Retirement

The New Medicare Drug Bill Is Big, But Seniors Won’t See Many Of Its Benefits For Years

The big tax, climate, and health bill that Congress could pass as soon as Friday could substantially lower drug costs for millions of Medicare enrollees. But older adults may not feel much of its impact for years.

The bill, passed by the Senate and due to be considered by the House on Friday, would make a number of significant changes in the way Medicare itself and Medicare enrollees pay for drugs. However, many provisions would gradually phase in over seven years. And even then, the highest profile change—the ability of Medicare to negotiate prices—would apply only to a limited number of drugs.

A lot can happen before this bill, part of the Inflation Reduction Act, becomes fully effective. For example, if Republicans take control of government in 2025, they could revise or even repeal some provisions before they ever take effect. The GOP unanimously opposed all the prescription drug changes included in the Senate version of the big health care, climate, and tax bill it approved Sunday.

A first step

The measure would not even begin to allow Medicare to negotiate drug prices until 2026. And even then, the agency could negotiate over 10 drugs that it spends the most on, that have been on the market for at least nine years, and that do not have generic equivalents. By 2028, the number of eligible drugs would increase, but only to 20. The current bill never would allow negotiations over the vast majority of the thousands of drugs used by older adults.

Democrats who supported the bill undoubtedly see it as only a first step to a much broader change in the way Medicare buys drugs. But, for now, the scope of the reforms would be relatively modest. The Congressional Budget Office estimates drug price negotiations would save Medicare about $100 billion over 10 years. But 85% of the savings would come in fiscal year 2028 and beyond.

The bill makes many other changes beyond price negotiations and for many older adults it would significantly lower their out-of-pocket health care costs. These reforms would apply to the Part D drugs you buy at the pharmacy and the Part B drugs administered in doctor’s offices. Here is a rundown of the many changes included in the bill and a timeline of when they’d occur:

2023: Next year, the bill would take two big steps. The biggest: Drug companies would be required to rebate any price increases that exceed overall inflation. That provision, which would apply only to those who buy their drugs through Medicare, effectively would cap drug price increases to the rate of inflation. The risk: Drug makers could use inflation as a floor as well as a ceiling for price increases.

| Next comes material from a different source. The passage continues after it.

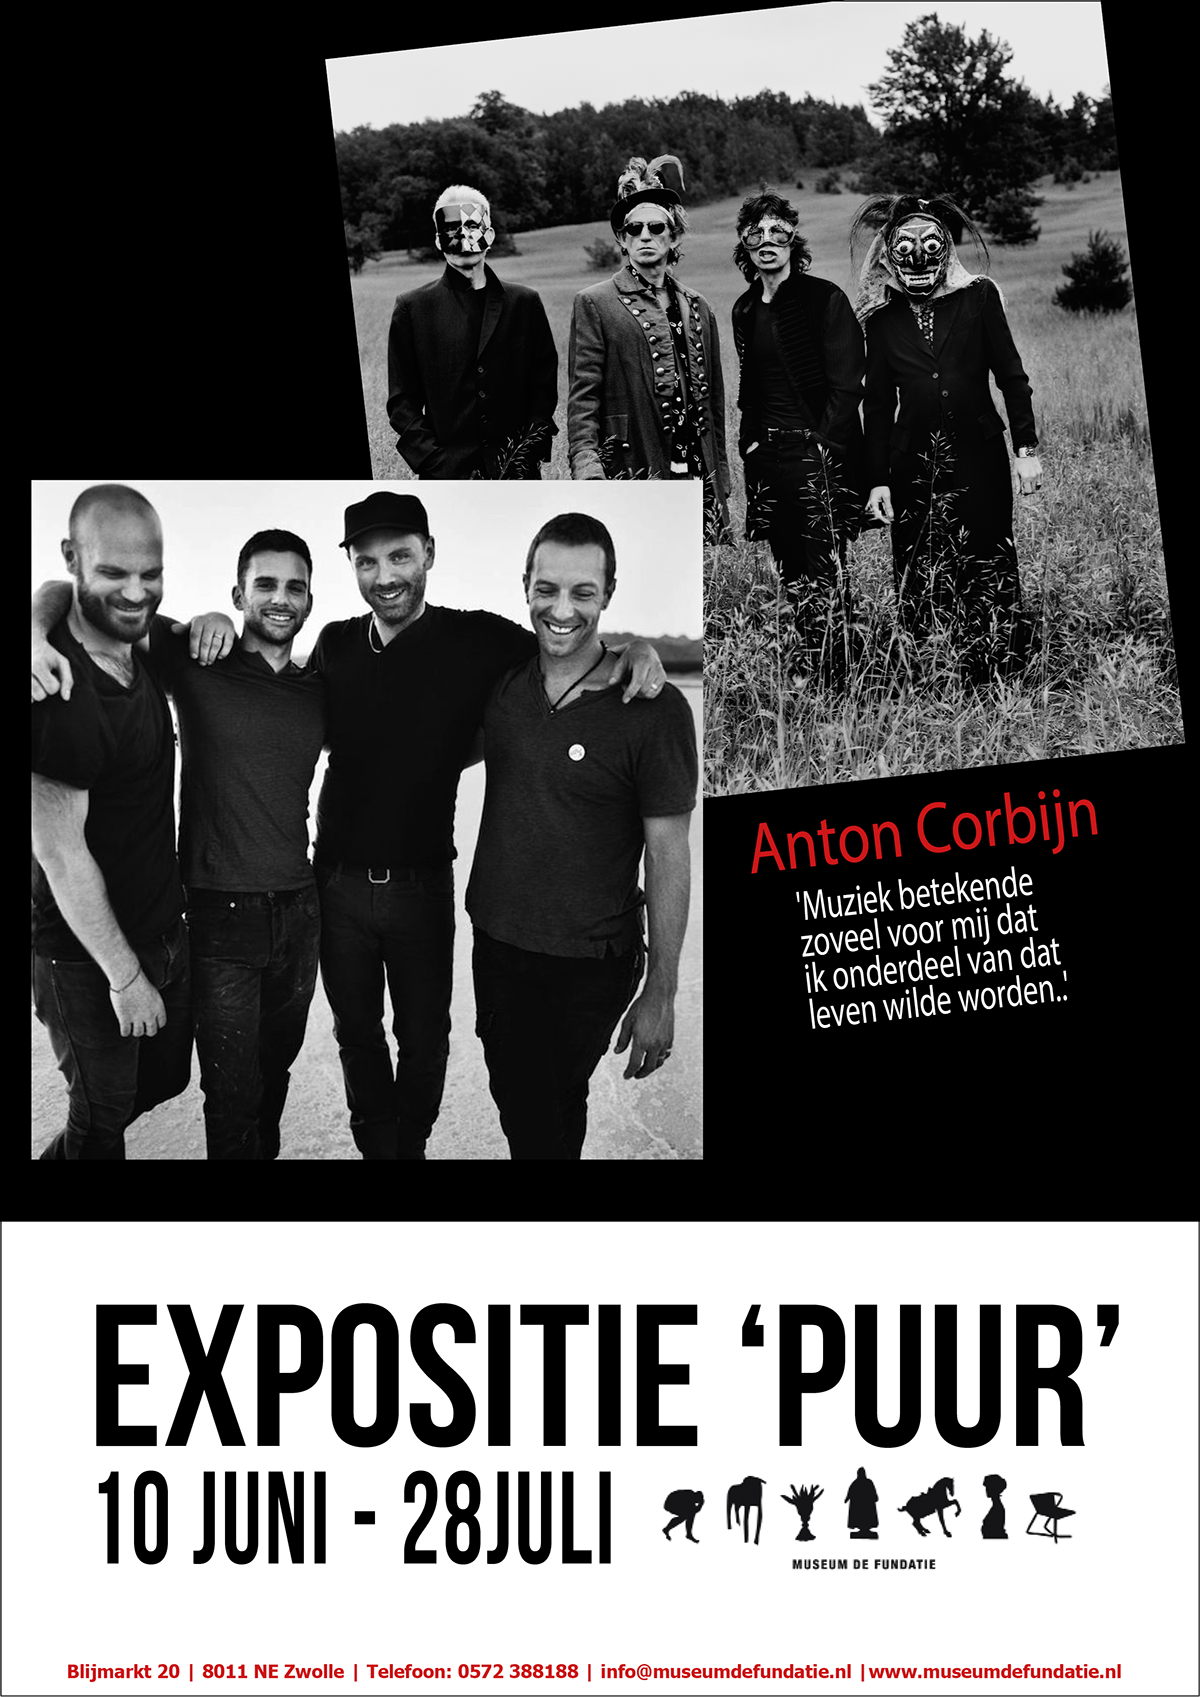 Anton Corbijn exhibition

The second change would end cost-sharing for Part D vaccines. The means Medicare participants could get common vaccines for shingles, pneumonia, and the like at no cost. That provision alone would benefit about 4 million people.

2024: The bill would eliminate 5% out-of-pocket payments for those Medicare enrollees with very high drug costs. This is complicated but, for example, this year, a Medicare enrollee would need to spend about $7,000 out-of-pocket (including the value of manufacturer discounts) before qualifying for catastrophic Part D drug coverage (this is the infamous donut hole). And once they reach that limit they still must pay 5% coinsurance for these meds. The bill would end that 5% out-of-pocket payment.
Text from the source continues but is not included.